Fractionation of orange essential oil using liquid–liquid extraction: Equilibrium data for model and real systems at 298.2 K.

• Fractionation of crude orange essential oil using hydroalcoholic solvents.
• Liquid–liquid equilibrium data of model and real systems were determined.
• High deviations for phase compositions calculation using parameters from literature.
• New NRTL and UNIQUAC parameters were adjusted to model citrus systems.
• The distribution of essential oil compounds depends on solvent hydration level.

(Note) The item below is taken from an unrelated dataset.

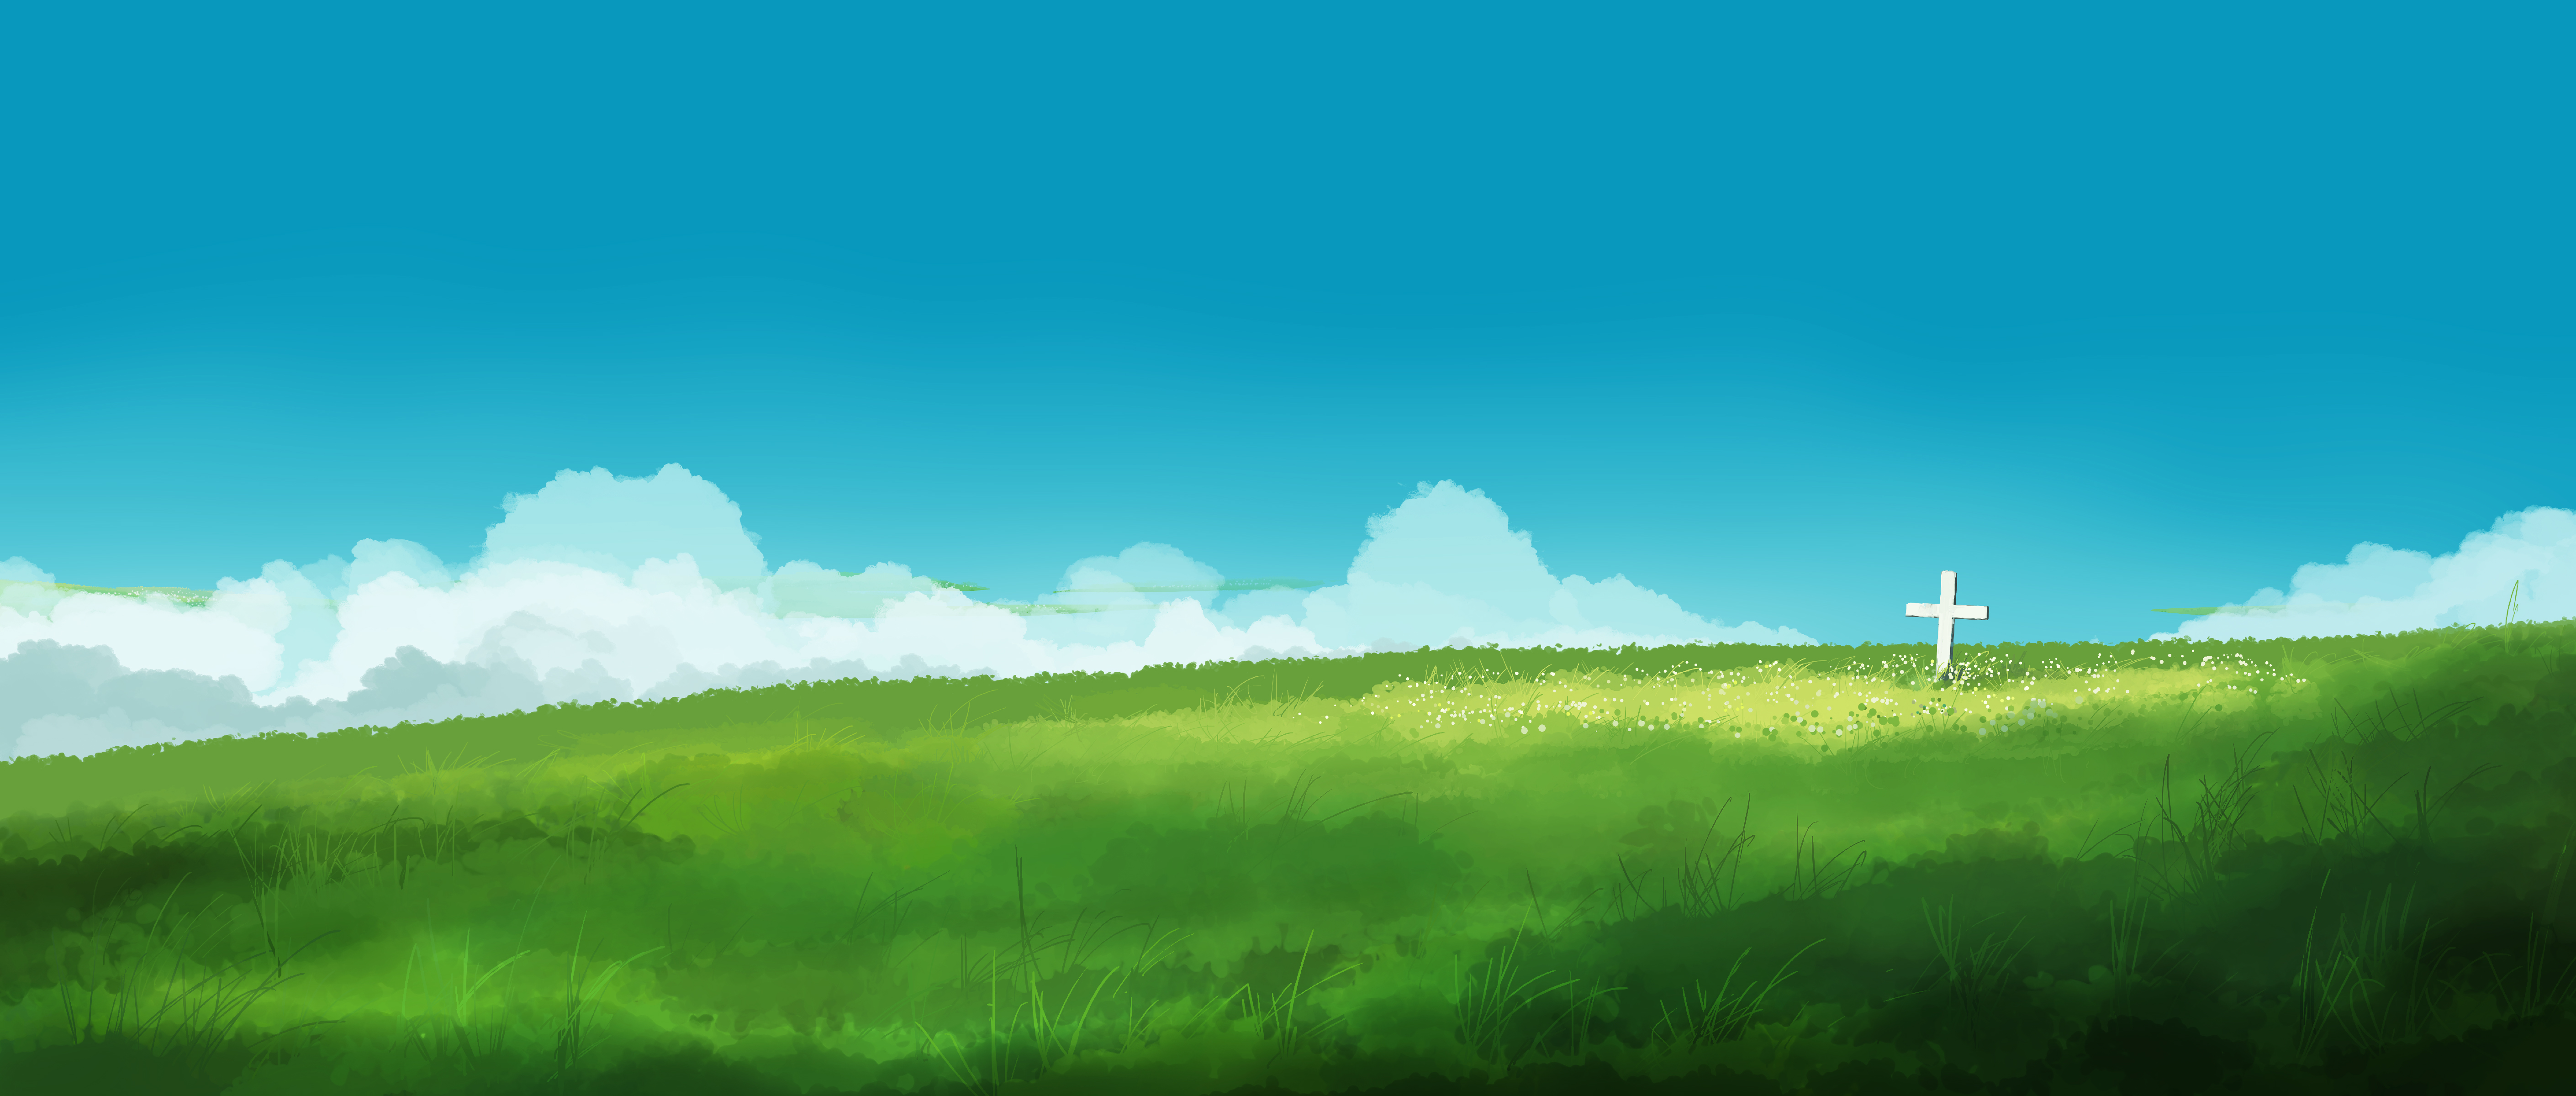 Anime Anime Sky Artwork Clouds Gracile Grass Field Cross Nature  Christianity Sky Wallpaper - Resolution:5640x2400 - ID:1357995

Essential oils have many industrial applications and are basically composed of terpene hydrocarbons and oxygenated compounds. To improve their stability, sensorial quality, flavoring capacity and, consequently, their commercial value, the removal of hydrocarbon compounds is achieved by a fractionation process that can be performed by liquid–liquid extraction. In this work, a phase equilibrium study of real systems composed of crude orange essential oil and hydroalcoholic solvents (ethanol and water mixtures) was conducted and UNIQUAC and NRTL binary interaction parameters available in the literature were tested without success for the description of phase compositions. To obtain reliable parameters that provide a good description of the phase composition and can be used for computational simulation, liquid–liquid equilibrium data for model systems composed of limonene, linalool, ethanol and water at 298.2 K were determined and used to adjust new binary interaction parameters of UNIQUAC and NRTL thermodynamic models. Concerning the physical–chemical behavior of the system, the increase in the water content of solvent was observed to promote a decrease in the migration of oxygenated compounds to the solvent-rich phase and in the mutual solubility of the compounds. The increase in the composition of the oxygenated compounds in the system resulted in an increased solubility of these oxygenated compounds and a consequent decreased solvent selectivity. The new set of parameters provided a satisfactory representation of the experimental data, with global deviations of up to a 0.0031 mass fraction in the prediction process, which indicates that these parameters may be very useful in the optimization of the fractionation process by computational simulation.